2012年6月23日 星期六

Final report

    Project Title :
          CUDA-accelerated Hierarchical K-means
    Members :
          R00922016 朱冠宇 R00922042 李哲君
    Proposal Slides.
           http://cml18.csie.ntu.edu.tw/~cclee/GPUproposal.pptx
    Midterm Update:
           http://gpu-hkm.blogspot.tw/2012/05/gpu-midterm-progress.html
    Poster:
           http://cml18.csie.ntu.edu.tw/~cclee/GPGPU-poster.pdf
    Paper:
           http://cml18.csie.ntu.edu.tw/~cclee/CUDA-acceleratedHierarchicalK-means.pdf
    Demo website:
           http://cml18.csie.ntu.edu.tw/~wfuny/GPGPU/GPU_demo.php

2012年5月28日 星期一

GPU Midterm Progress

1. Our Project Title / Members / Abstract
    Project Title : CUDA-accelerated Hierarchical K-means
    Members : R00922016 朱冠宇 R00922042 李哲君
    Abstract :  In 2011, more than 350 billion photos are generated in a single year. (ref) Thus, some statistic tools which help us to manage data, such as clustering, are indispensable. K-means (KM) is one of the simplest algorithms and is widely used. However, the speed of KM will become quite slow when the data grows larger and larger. Thus, hierarchical  k-means (HKM), which is the approximation of k-means, appears. Although HKM is much faster than KM, it is still not fast enough. Thus, in this project, we want to further improve the speed of HKM by using CUDA. We also show a simple demo that help us to manage the photos by using HKM.


2. Our Proposal Slides.
     http://cml18.csie.ntu.edu.tw/~cclee/GPUproposal.pptx


3. Our Midterm Update    
    We have finished both the CPU and the GPU version.
    The comparison of the performances of GPU and CPU versions can be seen below.

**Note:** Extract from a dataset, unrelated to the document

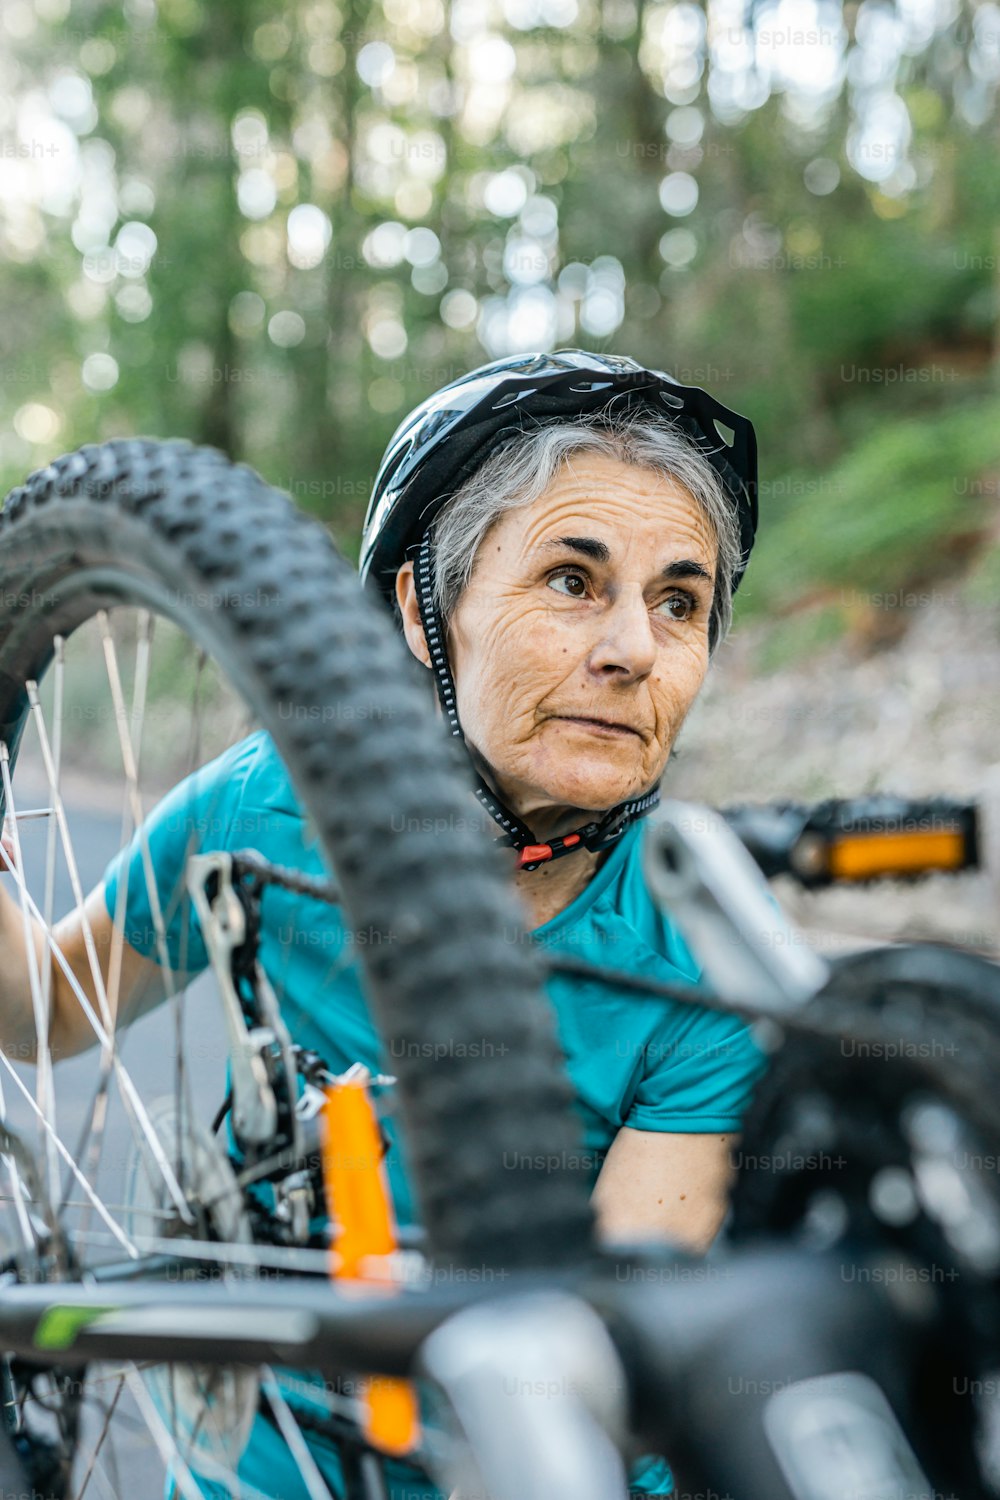 a woman with a helmet on is next to a bicycle

    Where N is the number of 128-dim data points, K is the number of centroids in each group, and L is the number of layers. As you can see, our program can reach about 20~30 times speed up.

    Because KMeans is such a well known algorithm, there should be have some other codes already implemented. We did a quick survey, and find one open source code (http://serban.org/software/kmeans/).  In order to compare with that code, we set L=1 because it only implement KMeans algorithm. The following are the comparison results.
   
   As you can see, our program still much faster than the program provided on that website.
   That means our data arrangement is better than that code under the condition of only one layer. That's one reason why we need to write our own HKM CUDA code.
    
    The following figures are drawn by using the data on the above table. 
    We also show the speed up ratio over CPU below.

    The paragraphs above show that our GPU-implementation is much better than other codes, but we haven't shown how to use it. 
    Thus, we write a simple application that help us visualizing our images on a 2D plane.
    We run the GPU HKM algorithm on the Holiday dataset by using VLAD features. There are 1491 images in that dataset. 
    The following are the procedures:
    First, each image in that dataset will be converted into a 128*16 dim feature.
    Then, we apply HKM on these features. We set K=3 and L=4, which means finding 3 centroids for each layer, and we totally have 4 layers.
    Thus, our GPU program will generate 3+9+27+81=120 2048-dim centroids.
    In order to visualize these points easily, we project these centroids into 2-dimension space by using Multidimensional scaling (MDS), which is one of the distance-preserving algorithms.
     Then, we plot them in the following demo page.
     (You can click the points to unfold the points of next layer)
     Demo page:
         http://cml18.csie.ntu.edu.tw/~wfuny/GPGPU-tmp/draw.php
 
    Now the images above the canvas will not change when you move the cursor onto some point.
    We will add this function later.